Index Scan using fifteen_min_pkey on fifteen_min (cost=0.00..525136.58 rows=1798711 width=1072) (actual time=0.034..96077.588 rows=428093218 loops=1)

Shows to big of a difference between estimated and actual row counts. Are these tables analyzed often enough?

Regards,
Igor Neyman

> -----Original Message-----
> From: Kirk Wythers [mailto:kwythers(at)umn(dot)edu]
> Sent: Friday, January 18, 2013 11:15 AM
> To: Igor Neyman
> Cc: Kirk Wythers; pgsql-general(at)postgresql(dot)org
> Subject: Re: [GENERAL] speeding up a join query that utilizes a view
>
>
> On Jan 18, 2013, at 10:05 AM, Igor Neyman <ineyman(at)perceptron(dot)com>
> wrote:
>
> > Kirk,
> >
> > Are you doing un-pivoting in most of your queries?
> > Did you try normalized design for fifteen_minute table?
> > Is there specific reason for de-normalization?
> >
> > Regards,
> > Igor Neyman
>
> Thanks Igor. The only reason I'm de-normalizing with unnest, is so I
> can perform a join on variable_name with the table "data_key". I't kind
> of a crazy design, but it is what I was given to work with.
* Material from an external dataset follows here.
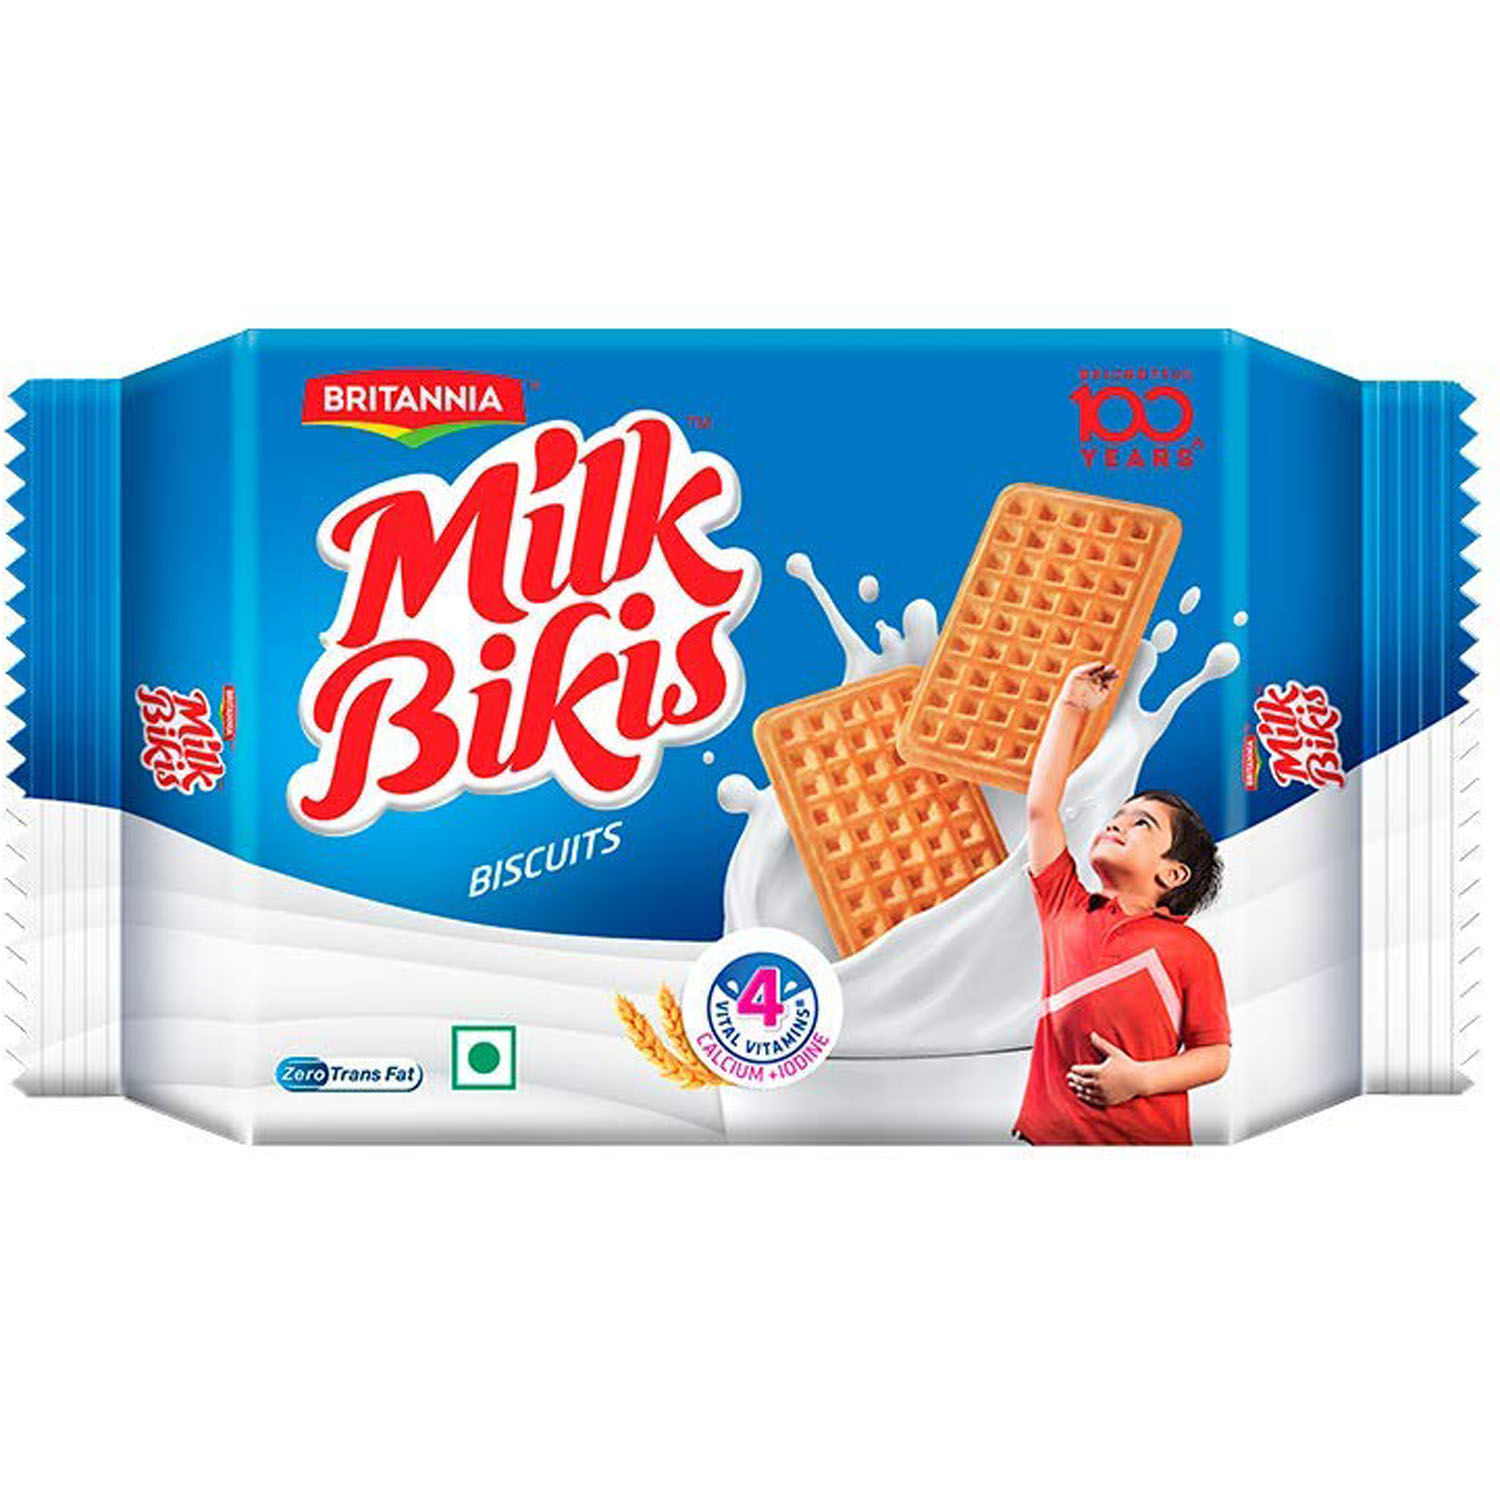 Britannia Milk Bikis Biscuits, 50 gm, Pack of 1

Here is the
> join that takes so dang long to perform:
>
> SELECT
> data_key.site,
> data_key.canopy,
> data_key.measurement_interval,
> data_key.treatment_code,
> data_key.treatment_abbr,
> data_key.plot,
> fifteen_min_stacked_propper.*
> FROM
> data_key,
> fifteen_min_stacked_propper
> WHERE
> data_key.variable_channel = fifteen_min_stacked_propper.variable
> AND data_key.block_name = fifteen_min_stacked_propper.block_name
> --AND 2012 = EXTRACT(YEAR FROM time2)
> --AND fifteen_min_stacked_propper.block_name ~ 'b4warm_[ace]'
> --AND fifteen_min_stacked_propper.value IS NOT NULL AND
> fifteen_min_stacked_propper.variable ~ 'tsoil'
>
> The whole point of the de-normalized table
> "fifteen_min_stacked_propper" is so that variable names in
> fifteen_min_stacked_propper.variable can be used to join on
> data_key.variable_channel.
>
> Does that make sense?
>
> Kirk
>
>
> >
> >> -----Original Message-----
> >> From: Kirk Wythers [mailto:kwythers(at)umn(dot)edu]
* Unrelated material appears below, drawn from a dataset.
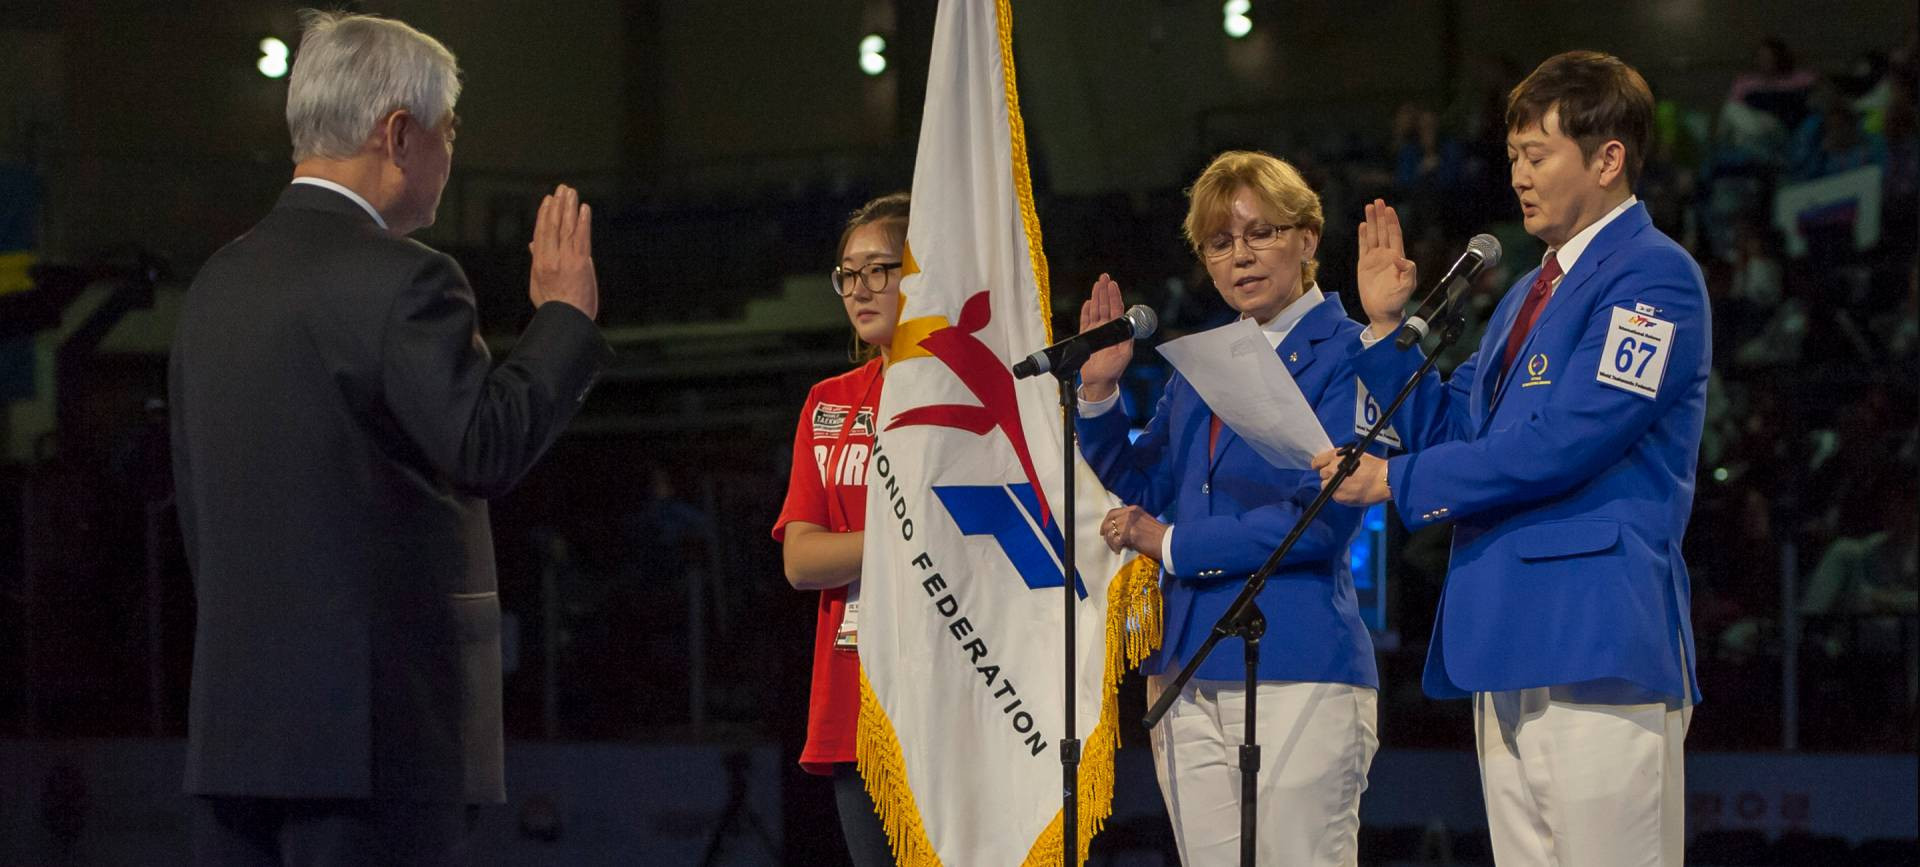 Barbara Marian has been appointed to the Women in Taekwondo Committee ©Taekwondo Canada/Peter Llewellyn

> >> Sent: Friday, January 18, 2013 10:50 AM
> >> To: Igor Neyman
> >> Cc: Kirk Wythers; pgsql-general(at)postgresql(dot)org
> >> Subject: Re: [GENERAL] speeding up a join query that utilizes a view
> >>
> >>
> >> On Jan 18, 2013, at 8:10 AM, Igor Neyman <ineyman(at)perceptron(dot)com>
> >> wrote:
> >>
> >>> Yes, my mistake, I meant to ask about fifteen_min_stacked_view
> >> definition, and Postgres parameters from postgresql.conf
> >> configuration file, at least those - modified from default setting
> >> and related to "resource consumption" and "query tuning".
> >>>
> >>> Regards,
> >>> Igor Neyman
> >>
> >> Here some extra bits form the postgresql.conf file. As you can see,
> >> I have not changed much from the default settings.
> >>
> >> #-------------------------------------------------------------------
> -
> >> --
> >> --------
> >> # RESOURCE USAGE (except WAL)
> >> #-------------------------------------------------------------------
> -
> >> --
> >> --------
> >>
> >> # - Memory -
> >>
> >> shared_buffers = 3GB # 7GB # min 128kB
> >> # (change requires restart)
> >> temp_buffers = 80MB # 8MB # min 800kB
> >> #max_prepared_transactions = 0 # zero disables the feature
> >> # (change requires restart) #
> >> Note: Increasing max_prepared_transactions costs ~600 bytes of
> >> shared memory # per transaction slot, plus lock space (see
> >> max_locks_per_transaction).
> >> # It is not advisable to set max_prepared_transactions nonzero
> unless
> >> you # actively intend to use prepared transactions.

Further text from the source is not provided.